Мы курили молча, и в слабом красноватом свете сигареты я наконец смог хоть как-то разглядеть его лицо. Это был жуткий гротеск. Маурицио так его изрезал и искромсал, что на него страшно было смотреть. Я заметил насмешливую улыбку, появившуюся в глазах Модены, когда он увидел ужас в моих. Сколько раз, подумал я, видел он этот ужас в глазах окружающих — эту белую безграничную жуть, которую они испытывали, представляя себя на его месте, его страдания в своей душе? Сколько раз он видел людей, содрогающихся, как я, и невольно отшатывающихся от его шрамов как от открытых заразных гнойников? Сколько раз люди спрашивали себя: «Что же он сделал, чтобы понести такое наказание?»

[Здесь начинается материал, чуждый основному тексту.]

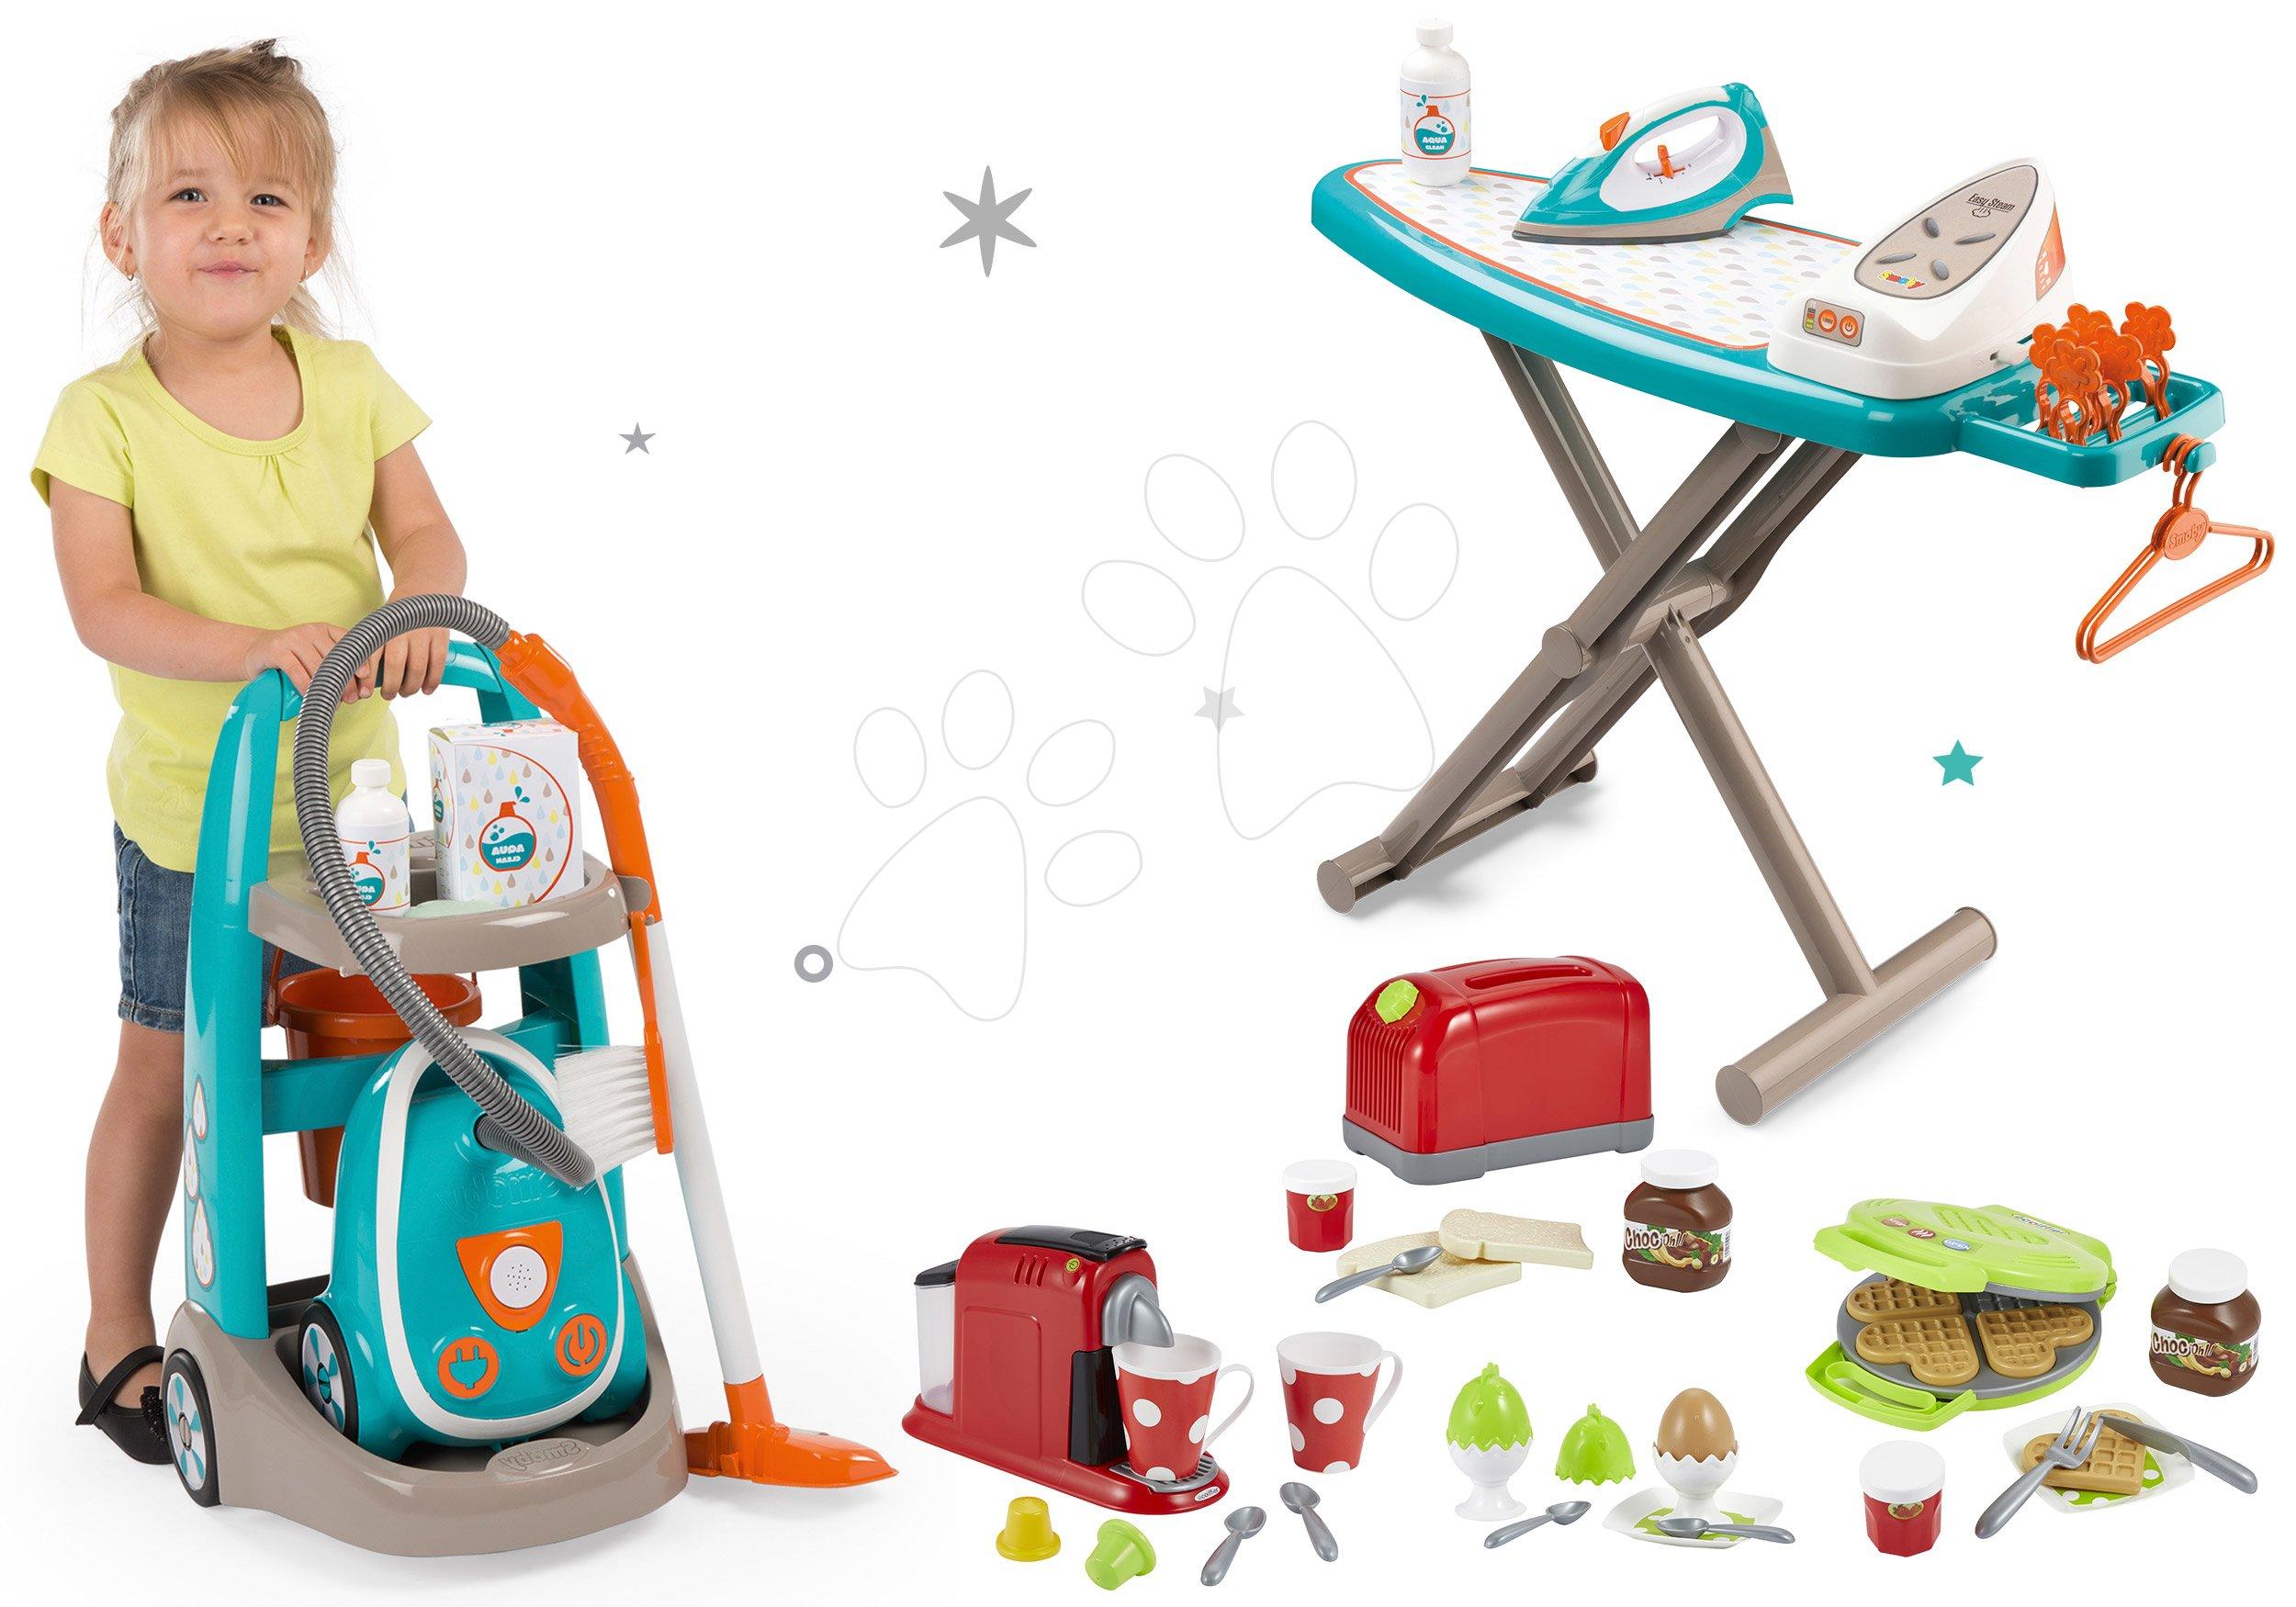 Hry na domácnosť - Set upratovací vozík s elektronickým vysávačom Vacuum Cleaner Smoby so žehliacou doskou a hriankovač s vaflovačom a kávovarom

Стилет Маурицио разрезал кожу под обеими глазами, и от нижних век вниз тянулись длинные клиновидные шрамы, словно отталкивающие издевательские следы, оставленные слезами. Раны на нижних веках, на зажившие до конца, зияли, как красные вместилища агонии, и открывали все глазное яблоко. Крылья носа и перегородка были рассечены до кости. Кожа на крыльях наросла неровными складками, в центре же разрез был слишком глубоким, и здесь осталась дыра, которая расширялась с каждым вдохом, как у свиного пятачка. Множество шрамов виднелись также вокруг глаз, на щеках и на лбу, образуя в совокупности рисунок, похожий на растопыренную человеческую пятерню. Можно было подумать, что Маурицио задался целью содрать всю кожу с этого лица. Под одеждой также наверняка было на что посмотреть: Модена с трудом двигал левой рукой и ногой, словно локтевой, плечевой и коленный суставы закаменели вокруг так и не закрывшихся ран.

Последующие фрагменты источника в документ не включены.